_WHAT IS BEING ASKED:_
Transcribe word for word each line from the one containing "How to write" to the final line of the data, both included. Skip the pictures.

_MATERIAL PROVIDED:_
###
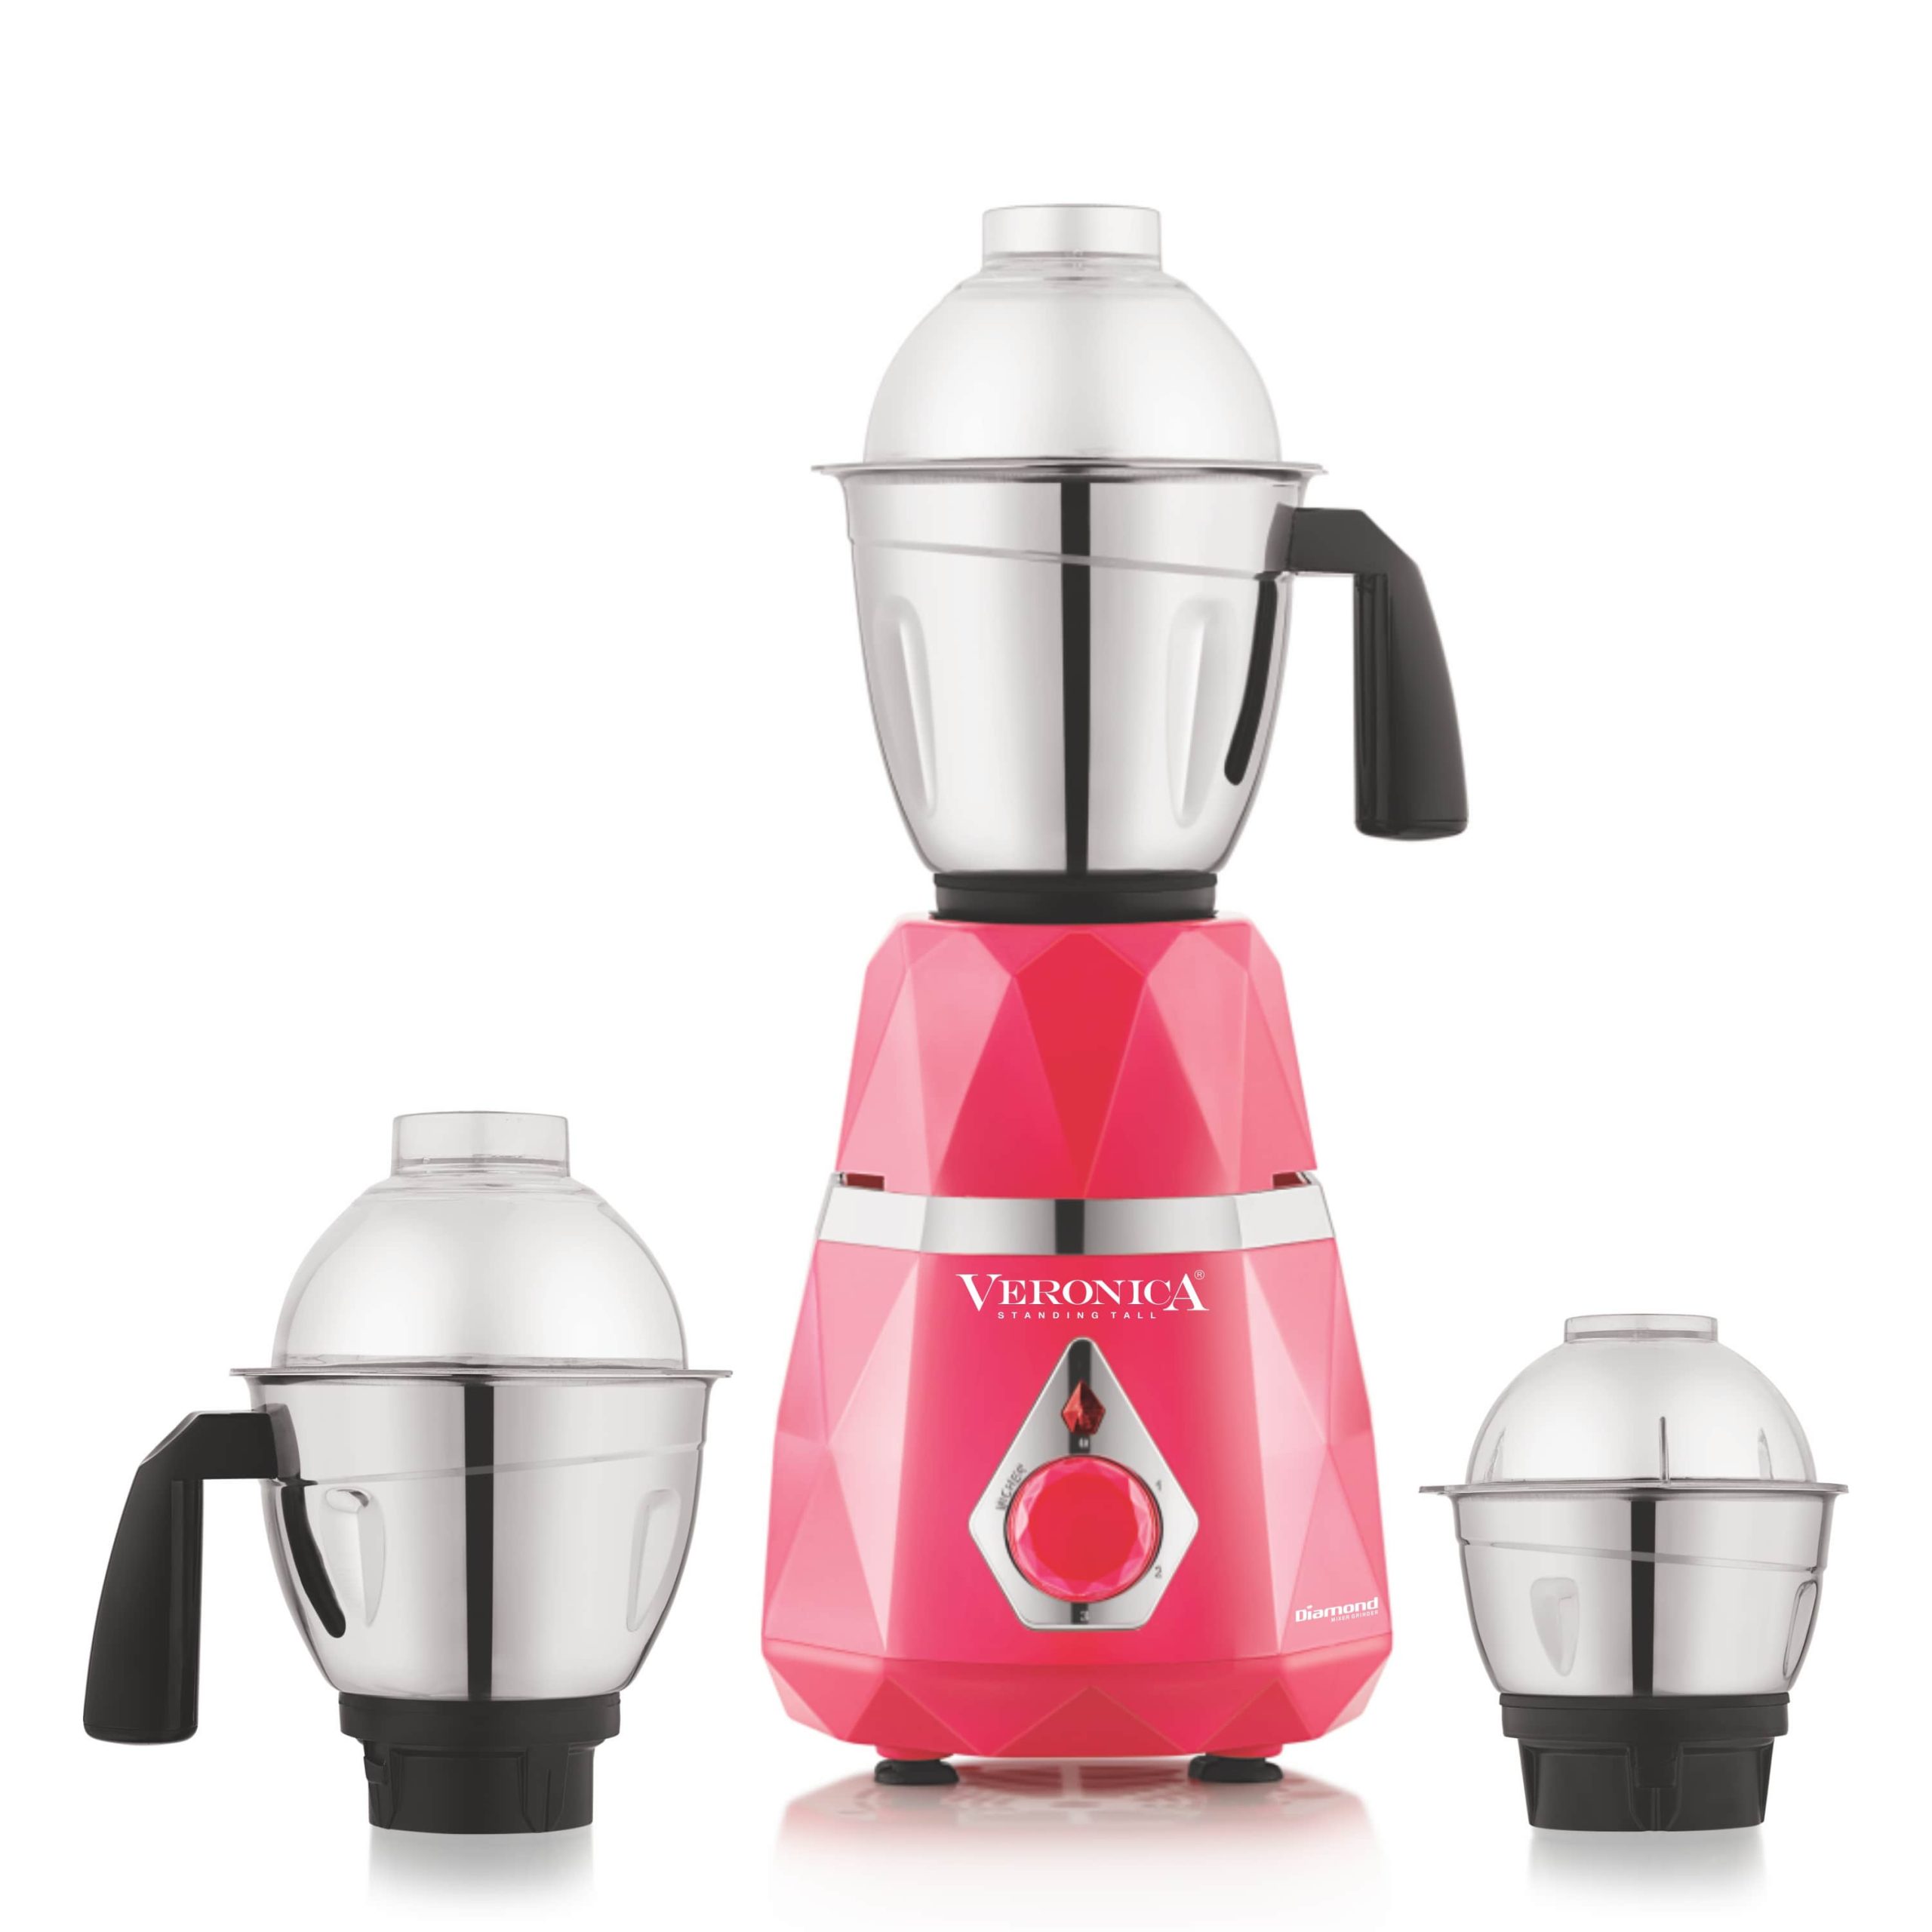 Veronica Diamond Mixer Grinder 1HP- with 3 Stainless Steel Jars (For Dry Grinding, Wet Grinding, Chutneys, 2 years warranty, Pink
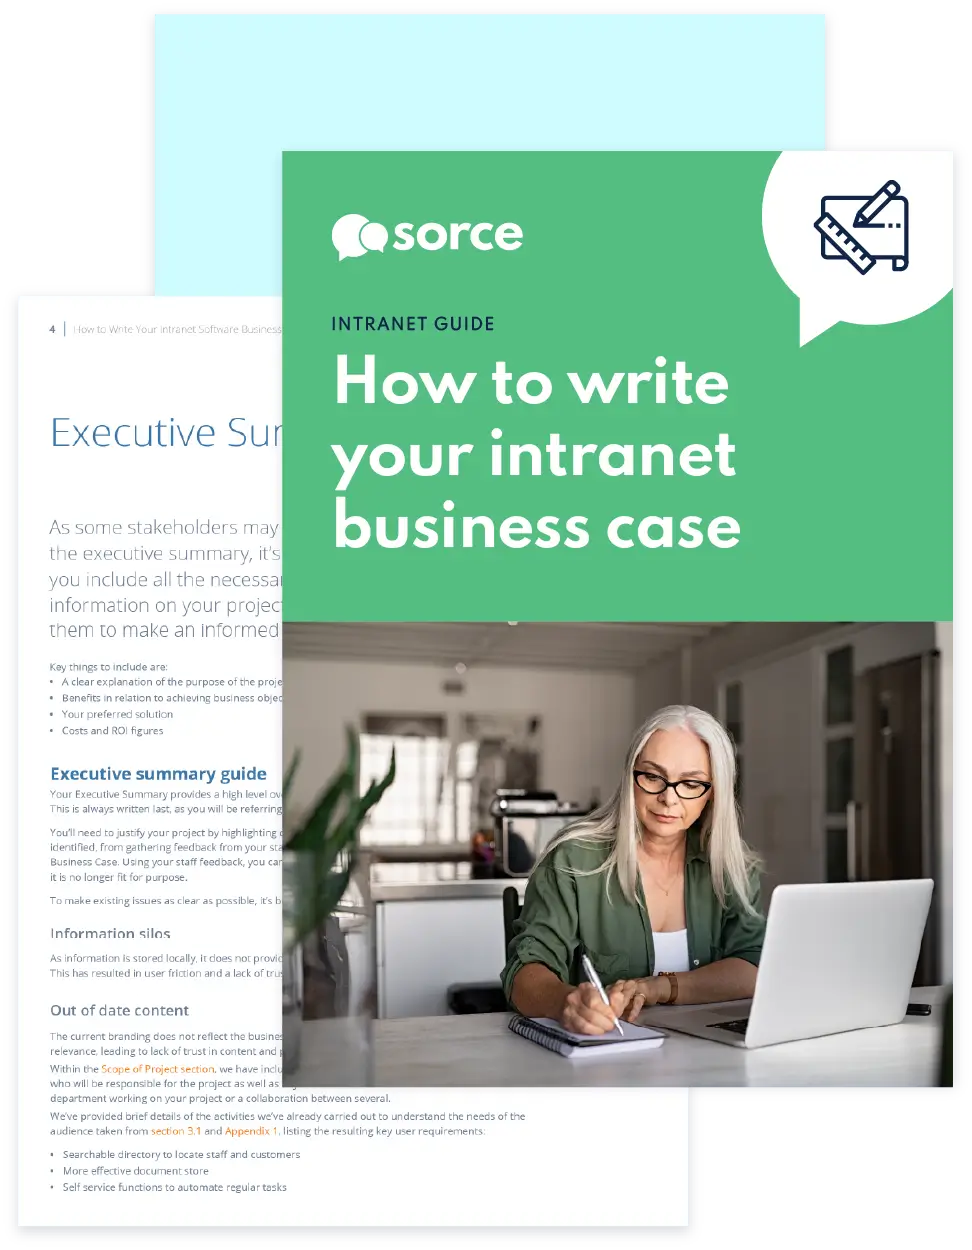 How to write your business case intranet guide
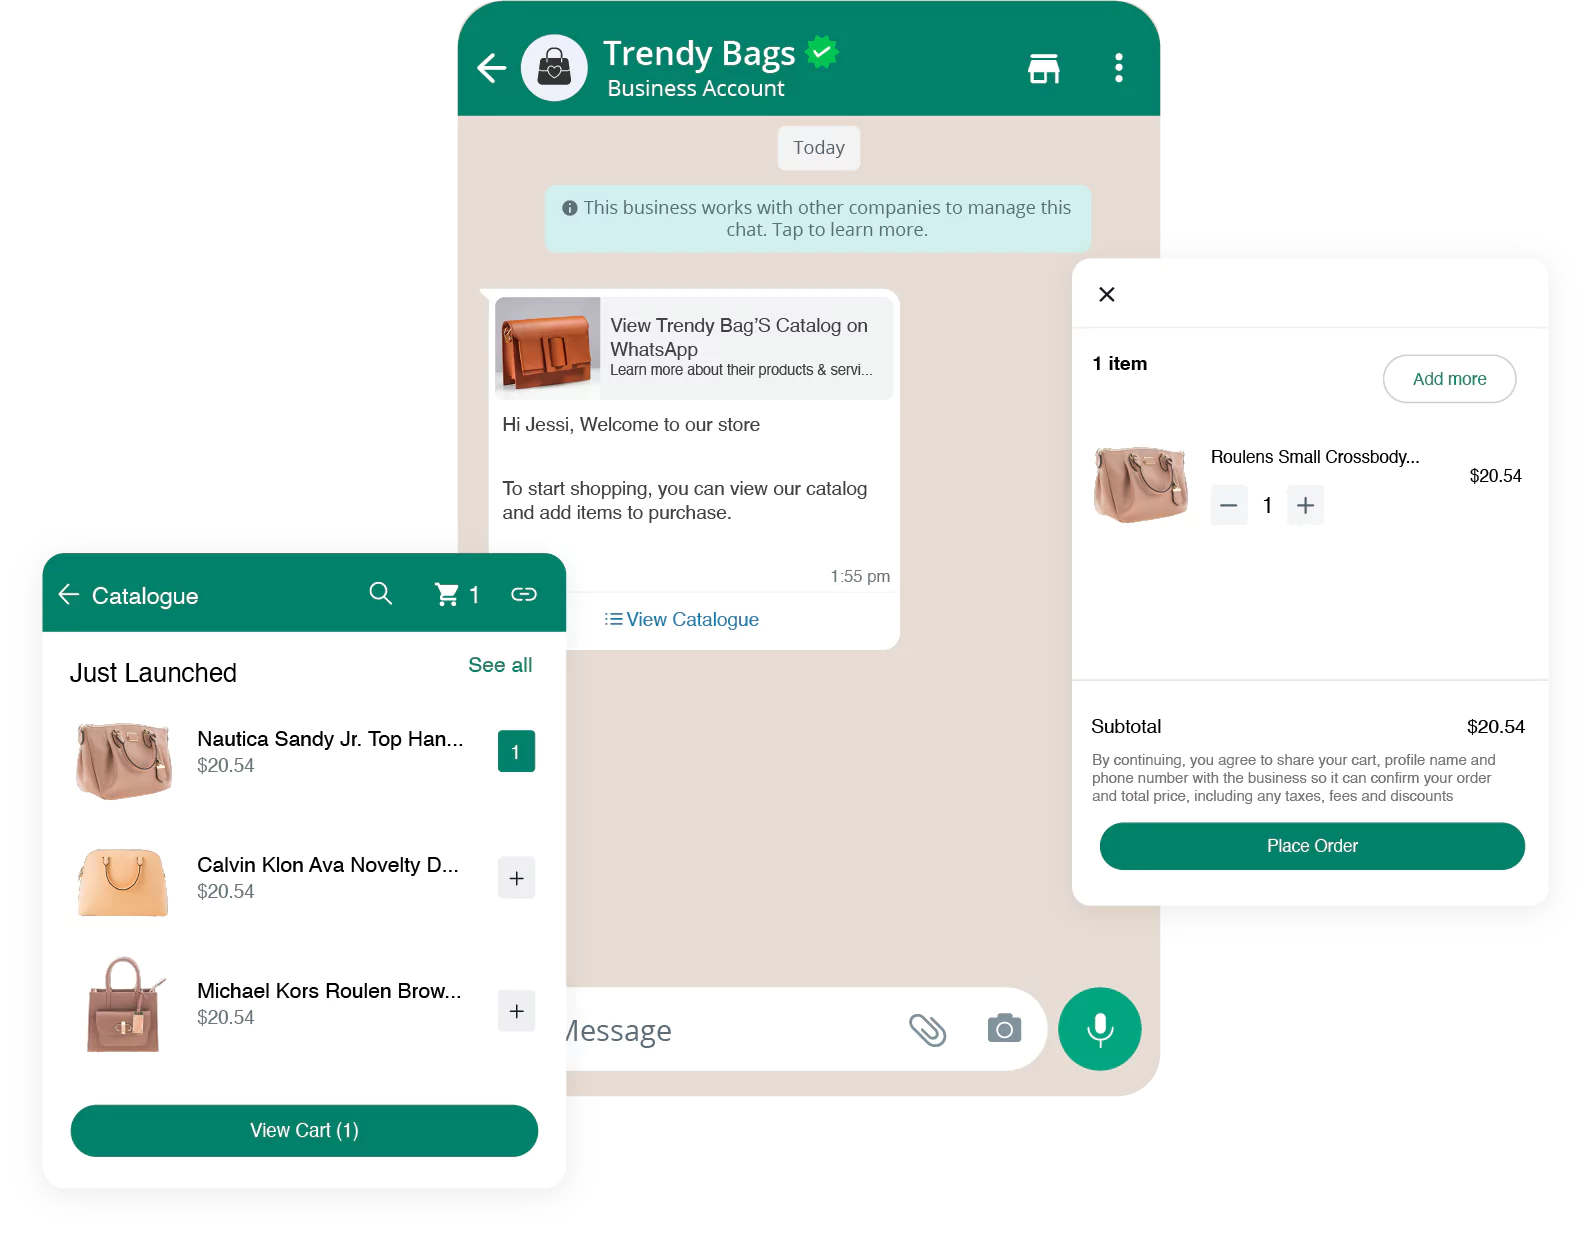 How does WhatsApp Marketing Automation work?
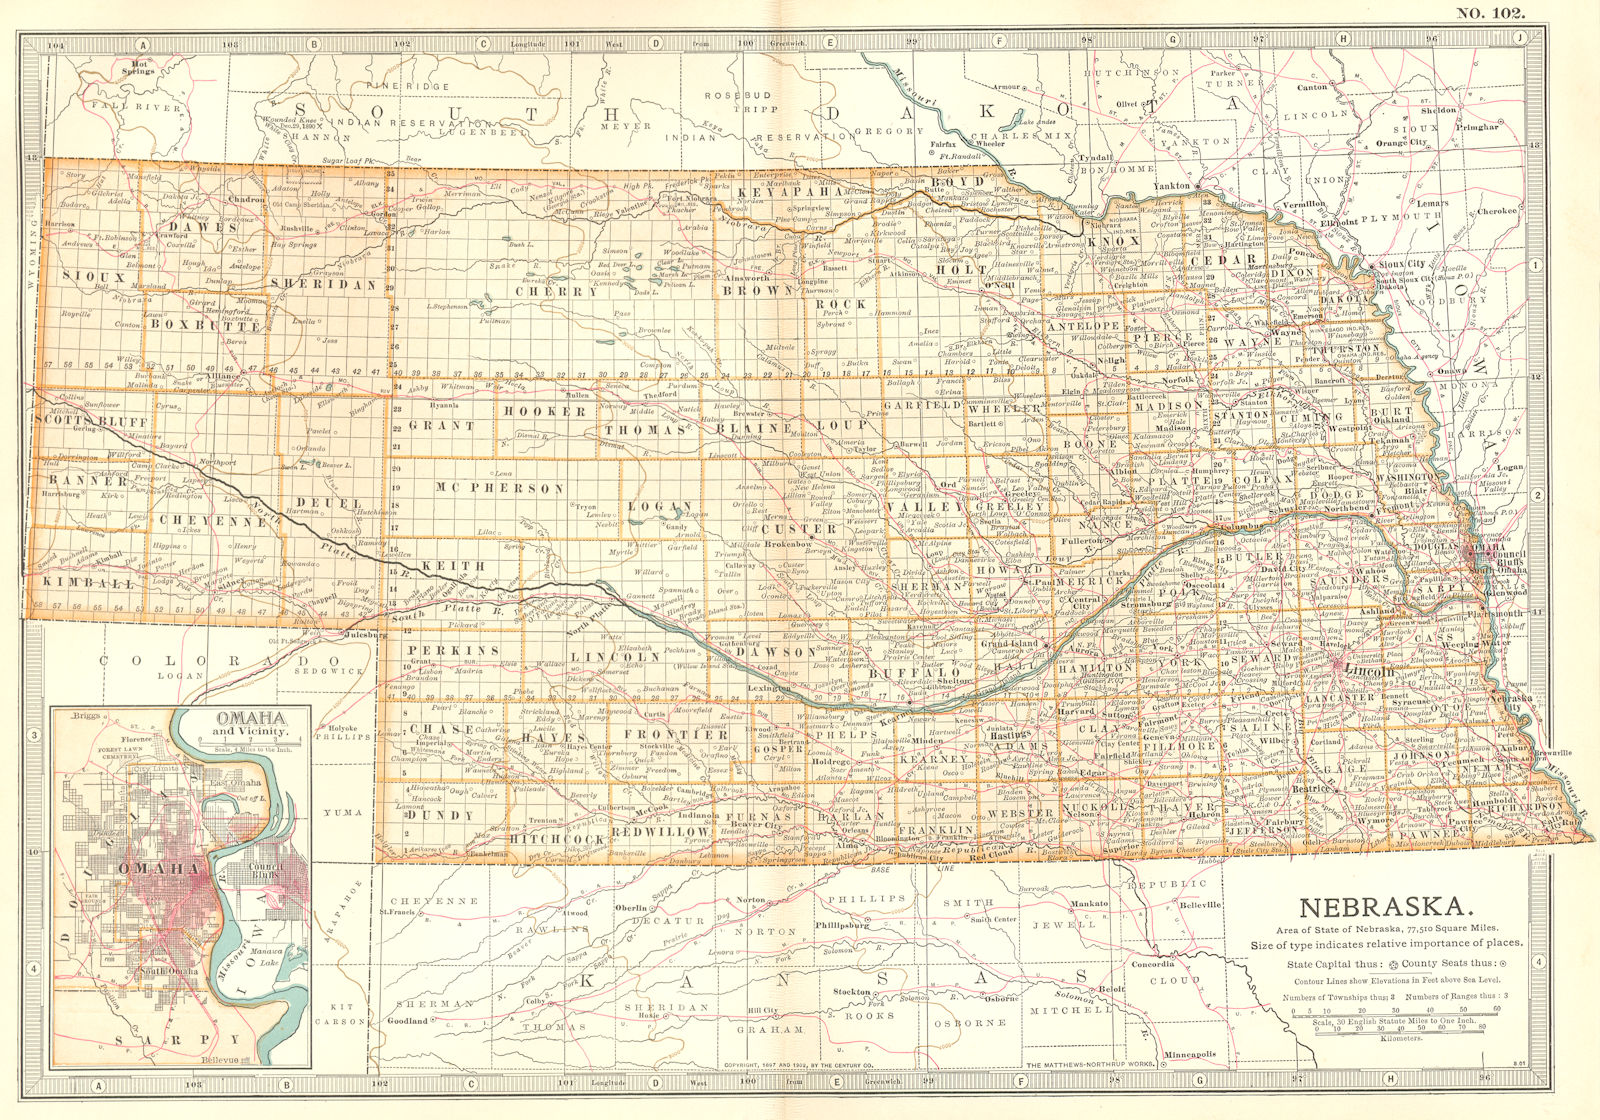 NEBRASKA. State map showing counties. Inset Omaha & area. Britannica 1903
###
_WRITTEN ANSWER:_
 How to write your business case intranet guide
 How does WhatsApp Marketing Automation work?
 NEBRASKA. State map showing counties. Inset Omaha & area. Britannica 1903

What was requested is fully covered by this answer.